Assembly Management Tutorial
An assembly represents a group of related genomic sequence and annotated features on that sequence. The assembly itself has a name and a few configuration options for representing this dataset. Assemblies can also be used to share datasets with a group of users.
A name and version is required for every assembly. After submitting the form, your new assembly will be listed in the assemblies table with links to assembly details and edit form.
GxSeq stores NCBI taxonomy names for use with assemblies. The name field will autocomplete from this dataset. If you can't find the species you are studying, or this is a multi-organism assembly, you can type any descriptive name in the field.
The same organism may be uploaded multiple times into the site. To help differentiate, each assembly requires a version along with the name. For example Arabidospsis thaliana might have TAIR version 9 and TAIR version 10. This should be concise but it can be any text you choose. Version numbers are displayed in parenthesis after the assembly name: TAIR (10)
If you want to share this assembly and its data with other users, assign it to a group. All of the users in this group will have access to the assembly.
You can update your assemblies at any time by clicking the Edit link in the assembly listing. All assembly attributes can be changed at any time.
Sequence can be any string of nucleotides applicable to your experiment. Chromosomes, scaffolds and de-novo assembled transcripts are all valid. New sequence must be uploaded to an existing Assembly in FASTA format.
Start by clicking 'Add Sequence' on the assembly details page.
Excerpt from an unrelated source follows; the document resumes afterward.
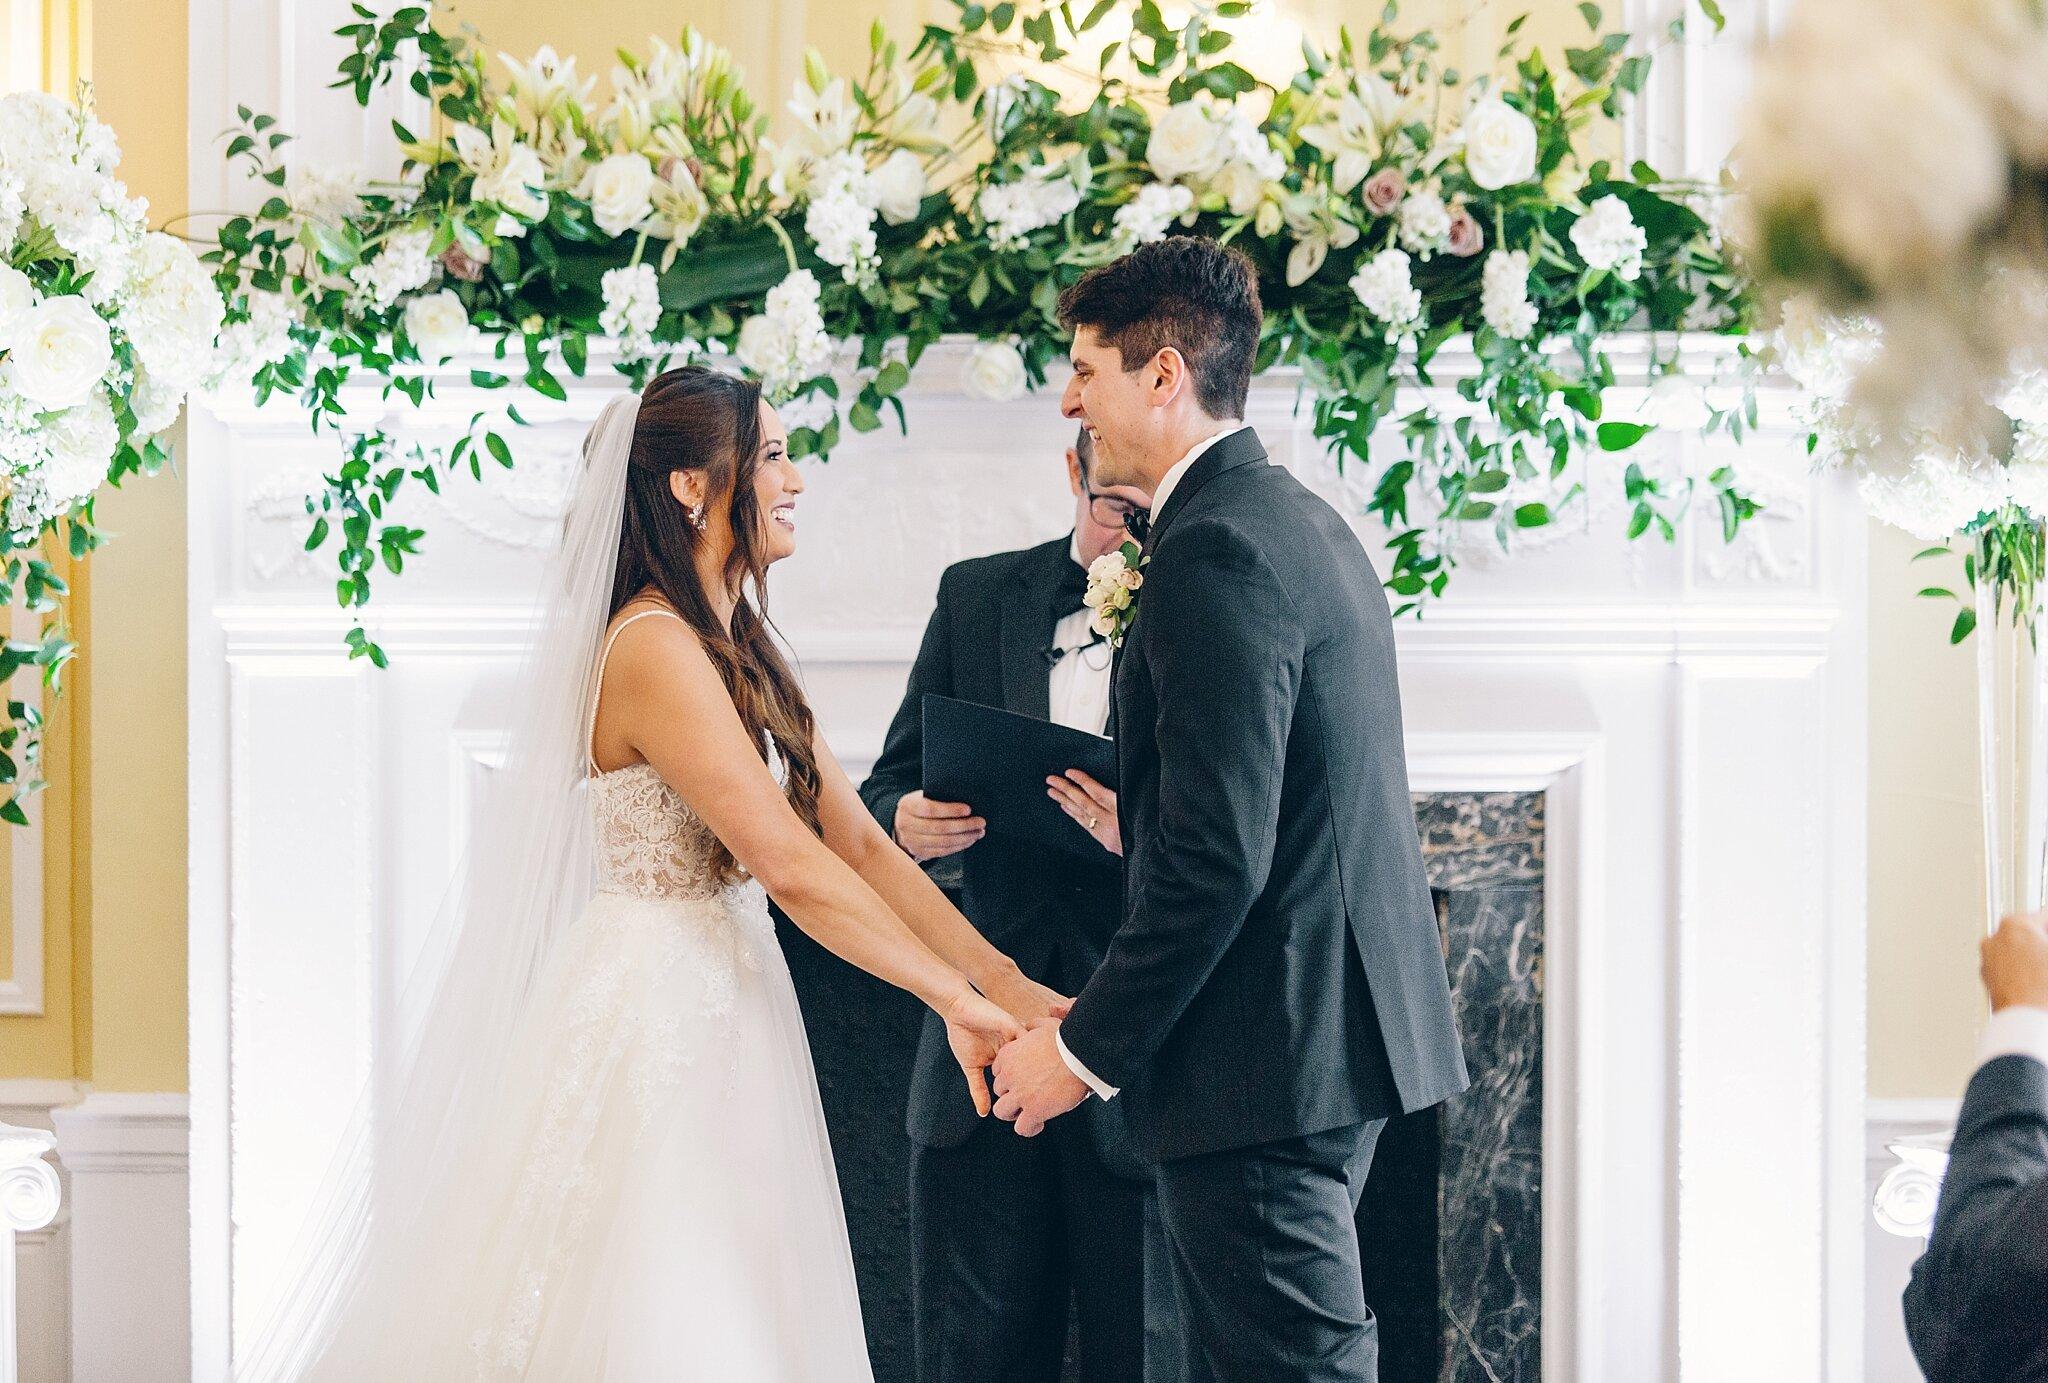 patrick-henry-ballroom-wedding-roanoke_0495.jpg
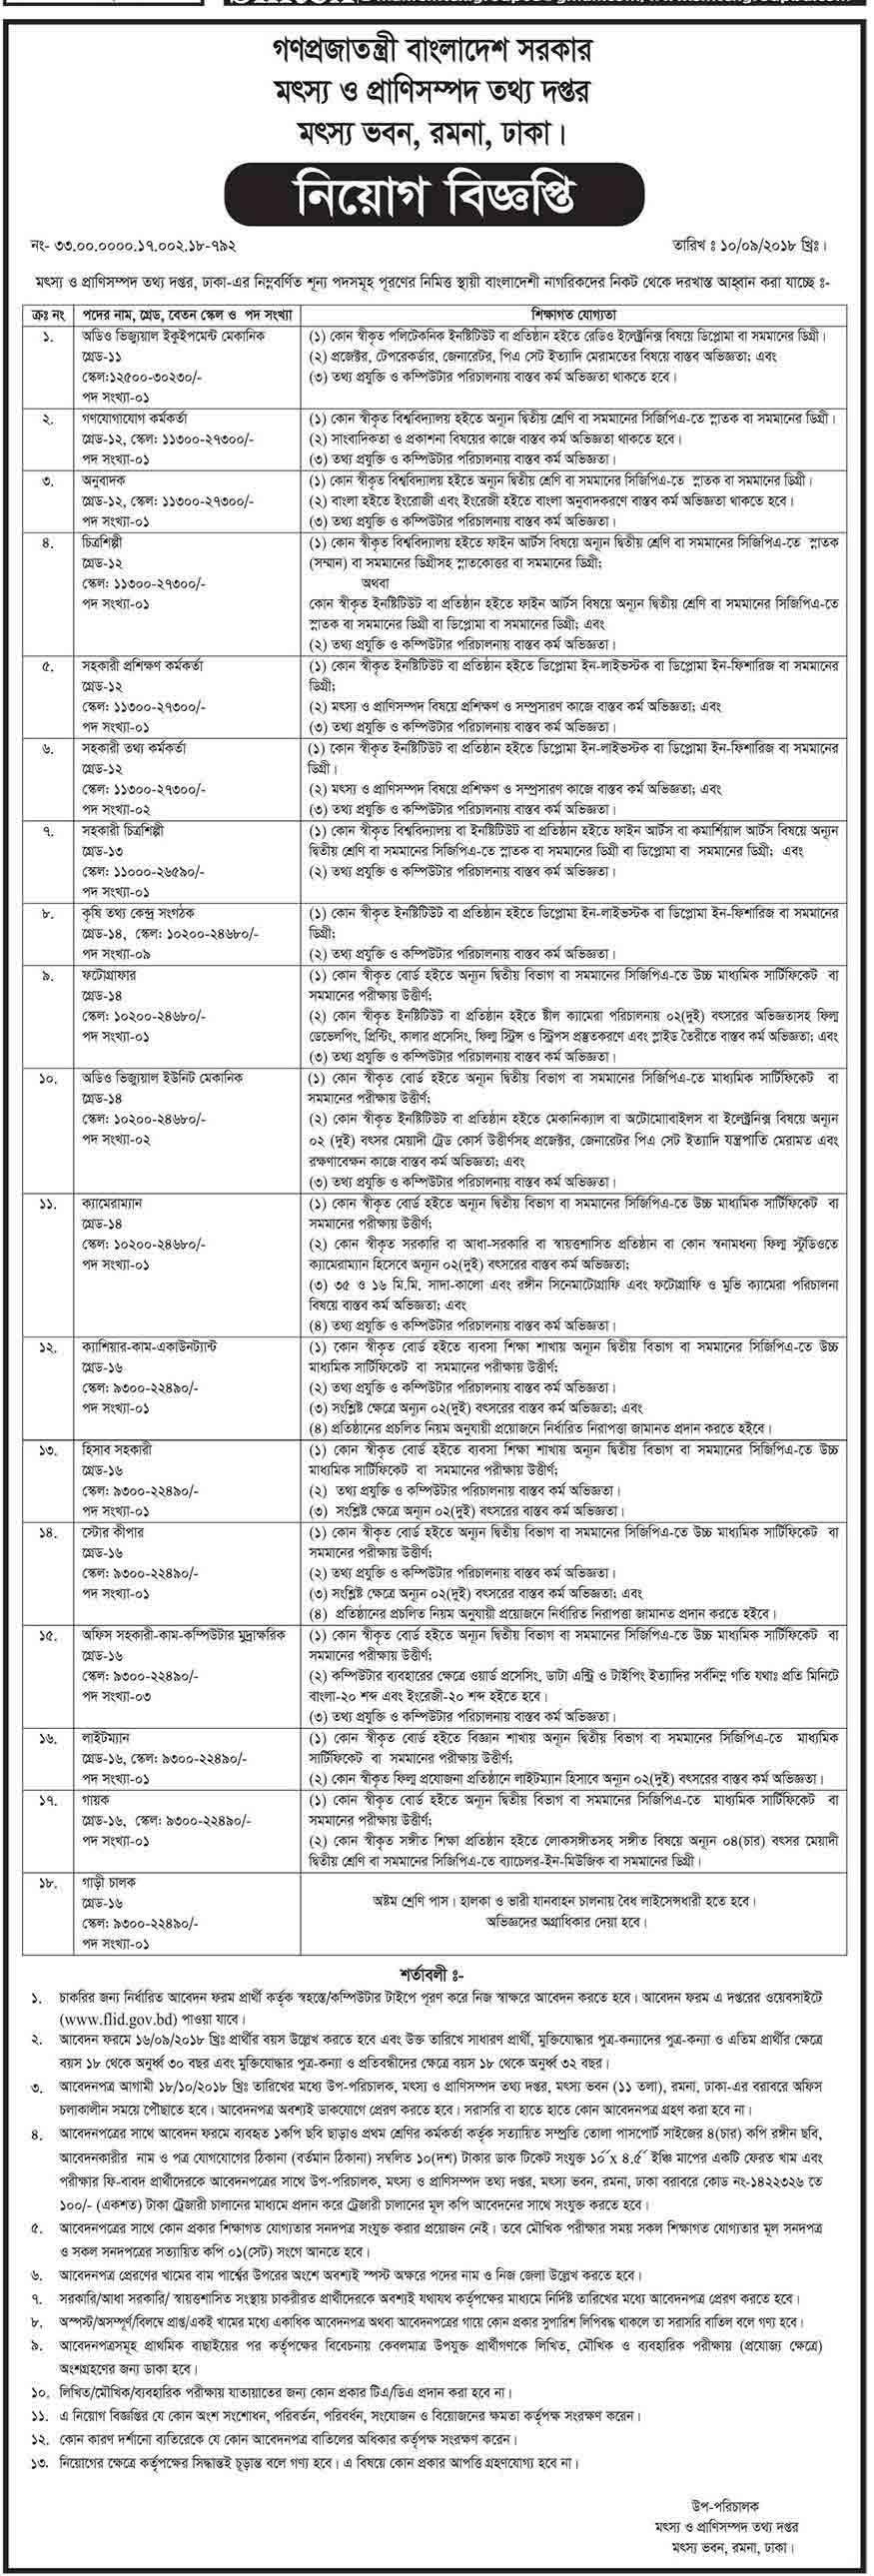 Department-of-Fisheries-and-Livestock-job-circular-2018

After selecting a FASTA file from you local system, a preview of the sequence will be displayed. A button below the preview 'Check Format' will show how the sequence accession and description will be parsed by the database.
If you are loading sequence for denovo contigs from an RNA-Seq experiment, or another source of sequence with no annotation, you may want to add a feature to each contig. Entering a feature name into the Feature Type field will create these features for you automatically. For Transcriptome studies, we suggest using mRNA as the feature type. These features will be used to upload expression and functional annotation data for transcriptome.
If you want to rename the contigs you can enter a prefix in the 'Re-number Prefix' field. Contigs will be enumerated and given unique names with your prefix + enumeration. For example the prefix "Contig" will create names:
Contig000001, Contig000002 ...
The format used to pad zeros can also be changed. By default it is your prefix followed by a six digit padded decimal.
Features represent interesting regions of genomic sequence. They may have functional annotations, multiple locations, and expression data assigned to them. Generally expression data is assigned to features of type Gene or mRNA. Features must be uploaded onto existing sequence in the GFF format.
Start by clicking 'Add Features' on the assembly details page.
It is important to match the sequence identifiers in the GFF file with the sequence identifiers in GX. To assist with this, GX stores Concordance Sets or alias files of Sequence ID's. A default concordance set is creating when sequence is uploaded. Additional concordance sets can be created with a simple cut and paste interface as described below.
GFF files have 1 start and stop position per line. Annotations in GxSeq can have multiple locations. To help convert GFF entries an ID attribute can be selected. Only this first entry for each unique value will be entered. Subsequent GFF entries with the same ID value will only have their locations recorded.
It some feature types in the file are not important or will add clutter to visual representations they can be skipped during load.
After selecting your GFF file a preview and results of database lookup will be displayed. It is important to check these results and address any issues.
After upload, the features listing will include your new data. You can view details pages for each feature or visualize them in the genomic context. The features will also be available for further annotation and expression upload.
You may want to load data that has sequence identifiers different from the database accessions. Concordance sets allow you to do this. You will need to enter a table of ID's with 1 row per sequence. Each row should contain the current database ID, followed by the new alias in your file.
Start by clicking 'New Concordance' on the concordance set listing
Aliases can be comma, tab or whitespace delimited. After creating a new concordance, you can use it to upload feature data or sample files such as aligned reads in BAM format.